Print all of the data below exactly as it appears, leaving out every image.

===== Data =====

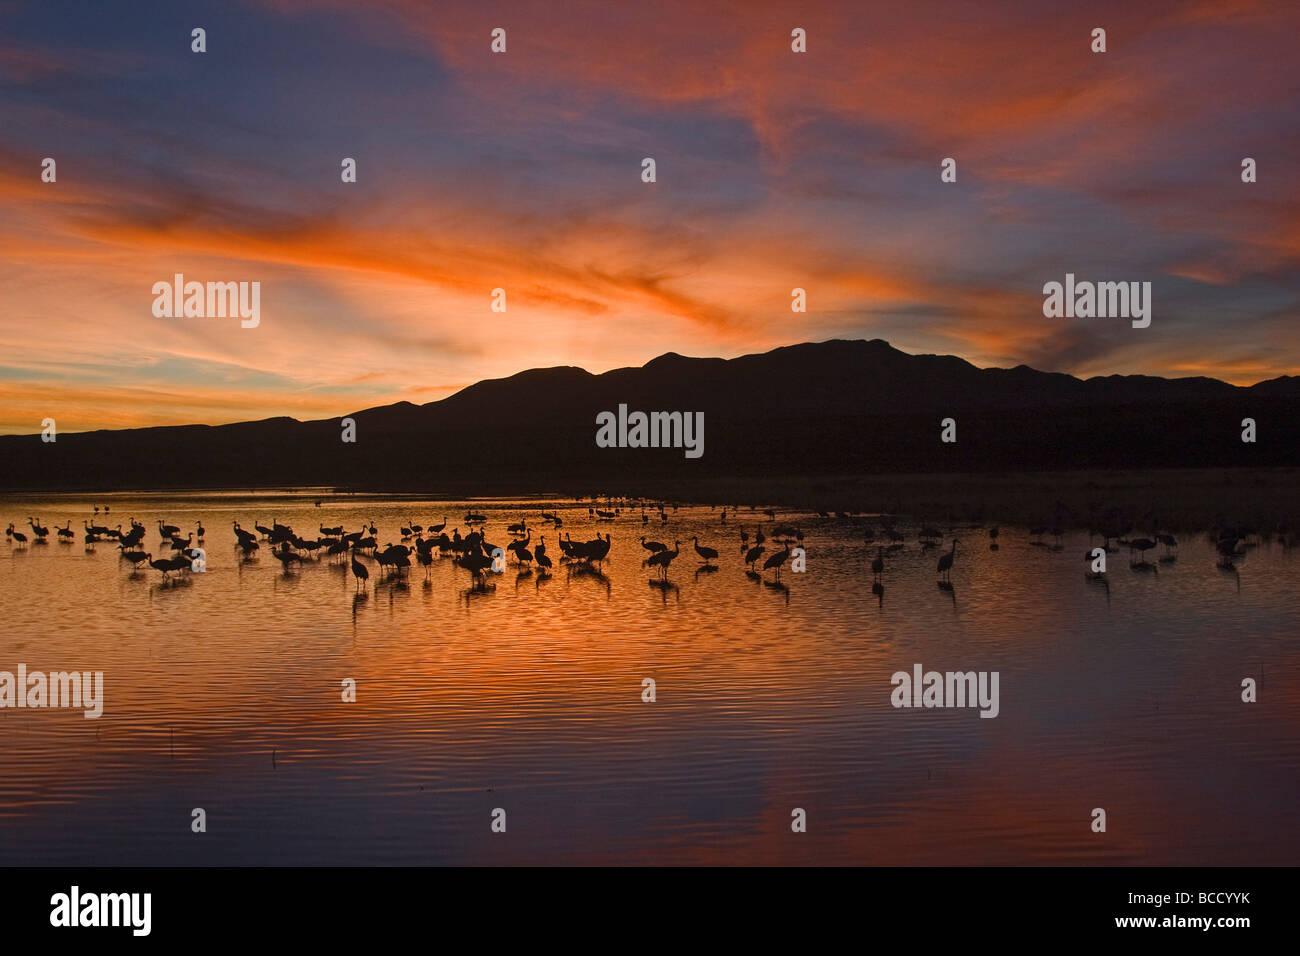 Sandhill Cranes (Grus canadensis) Bosque del Apache; New Mexico Stock Photo
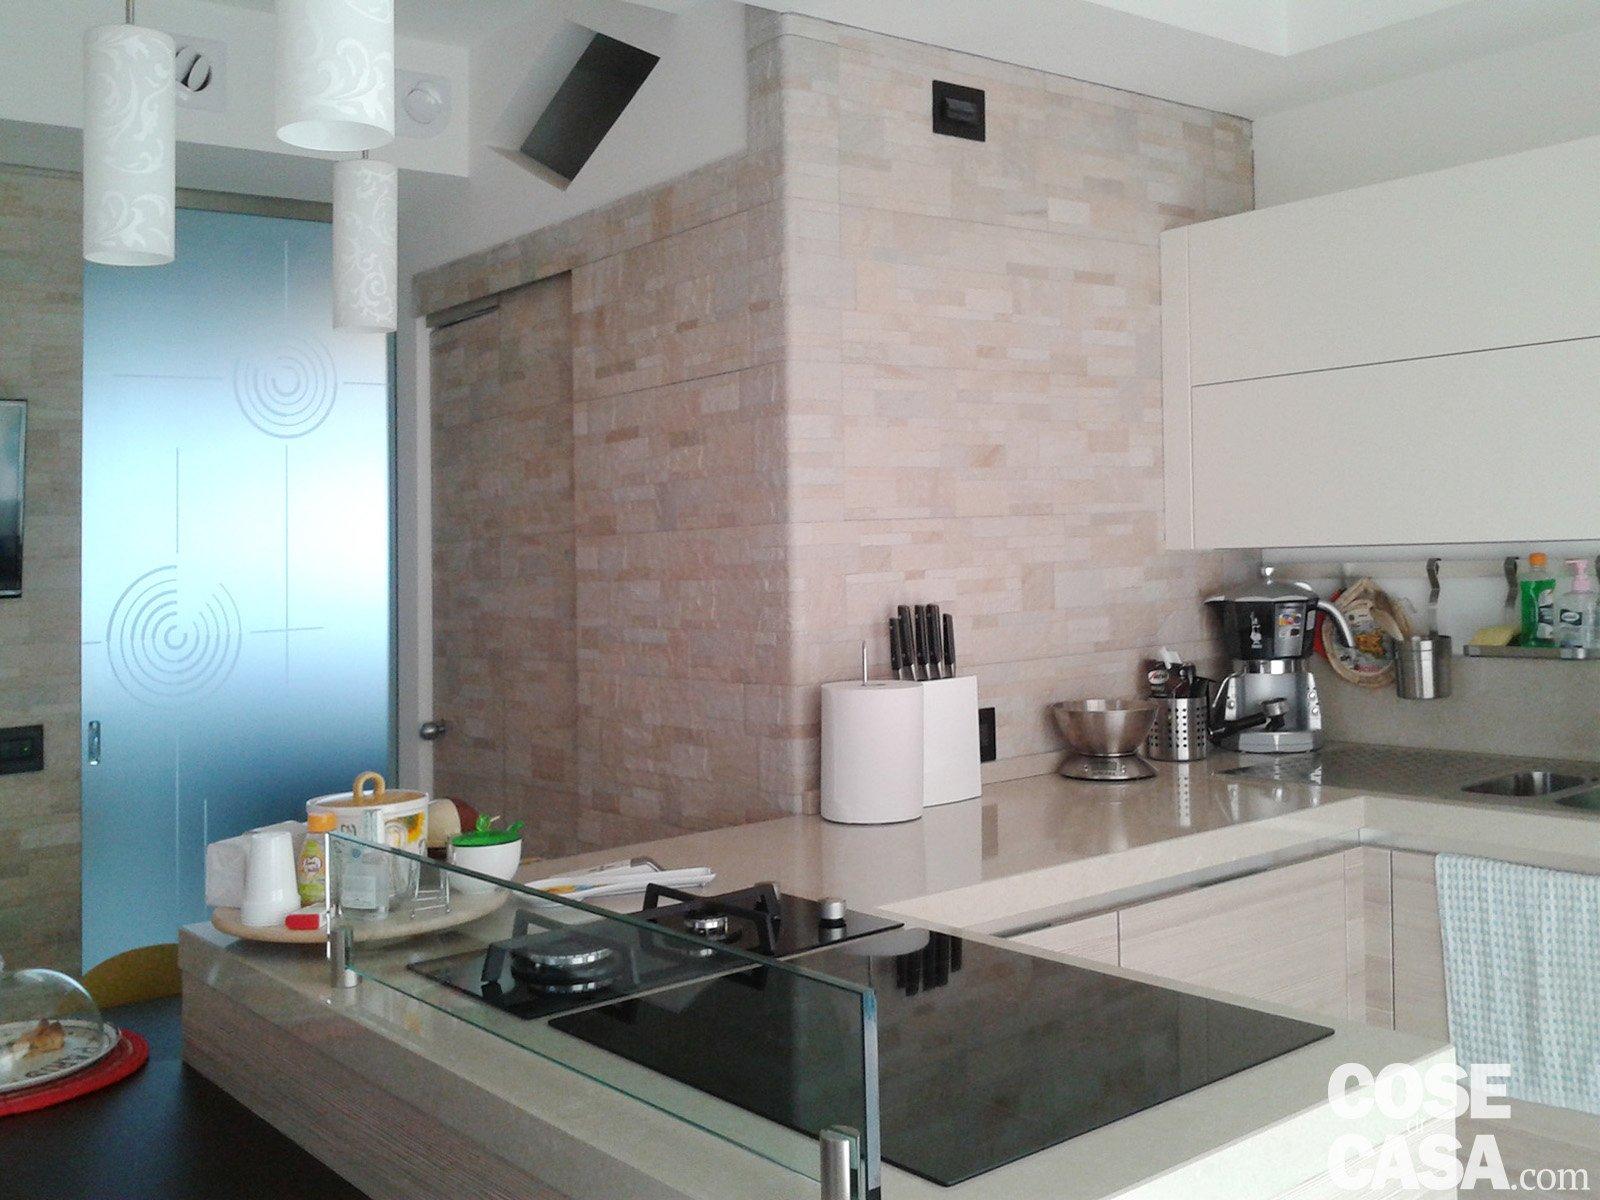 Foto2 cucina con rivestimento in pietra e porta scorrevole tutto vetro tutta altezza cose di casa - Rivestimento piano cucina ...
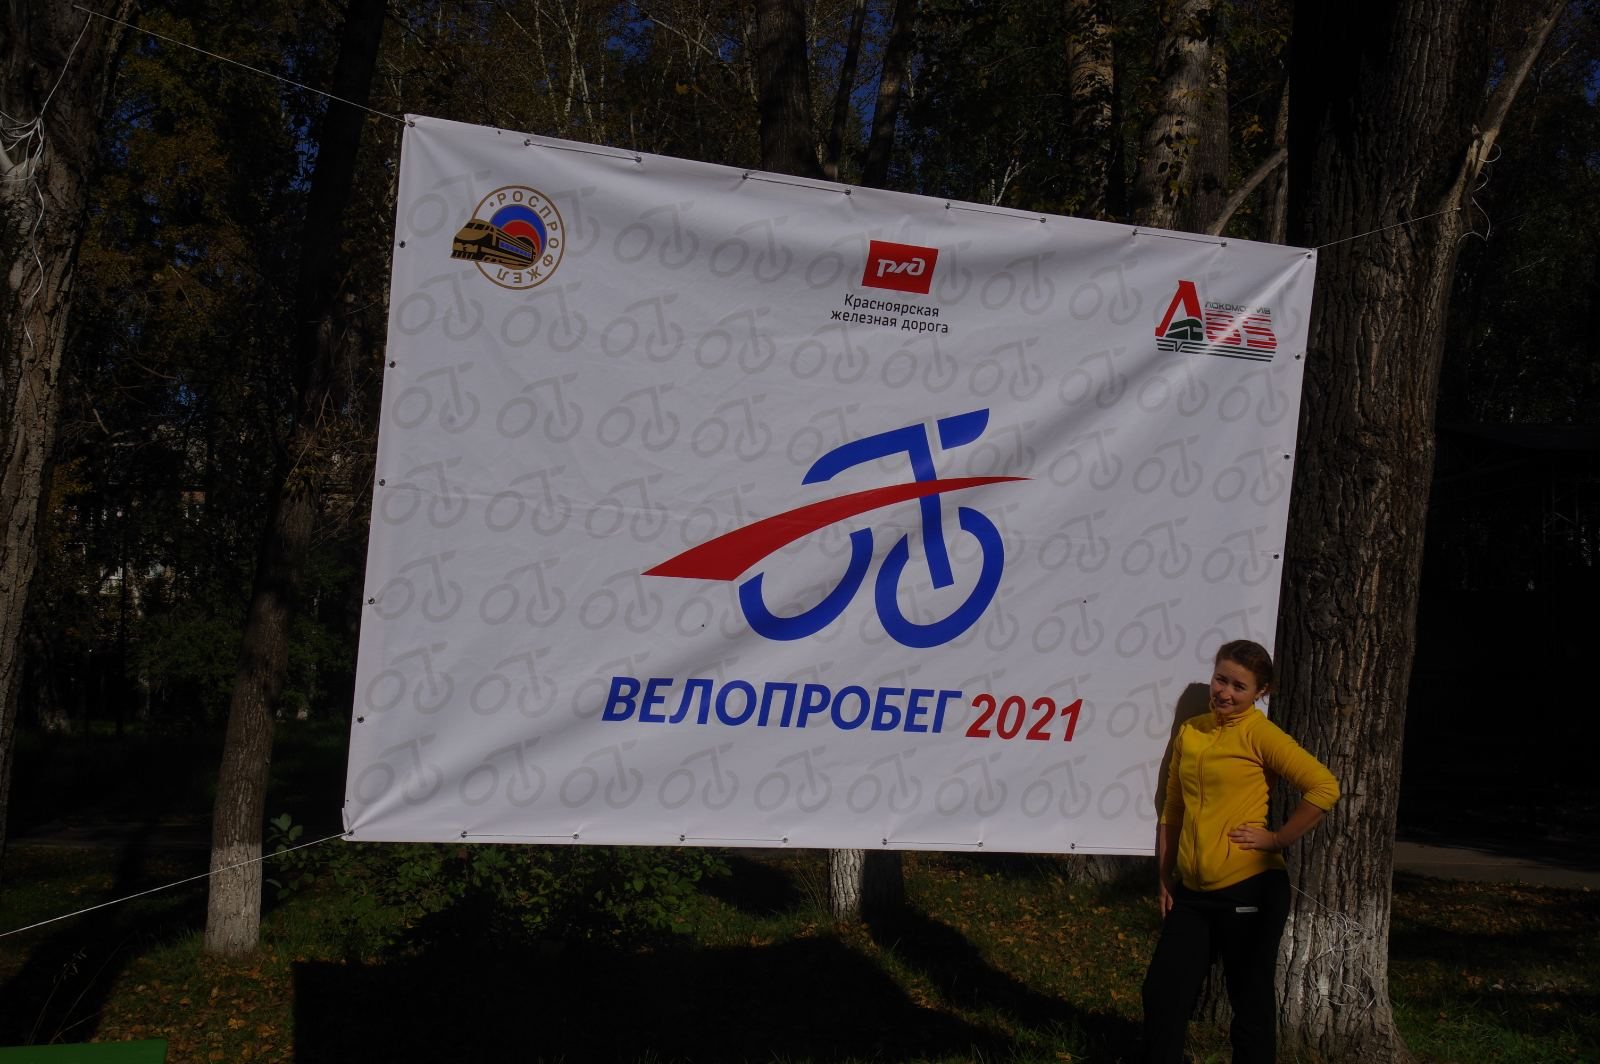 Спортивный праздник, приуроченный к 85-летию РФСО «Локомотив», на ст.Иланская 28 августа 2021

=====

Answer to the exercise:
 Sandhill Cranes (Grus canadensis) Bosque del Apache; New Mexico Stock Photo
 Foto2 cucina con rivestimento in pietra e porta scorrevole tutto vetro tutta altezza cose di casa - Rivestimento piano cucina ...
 Спортивный праздник, приуроченный к 85-летию РФСО «Локомотив», на ст.Иланская 28 августа 2021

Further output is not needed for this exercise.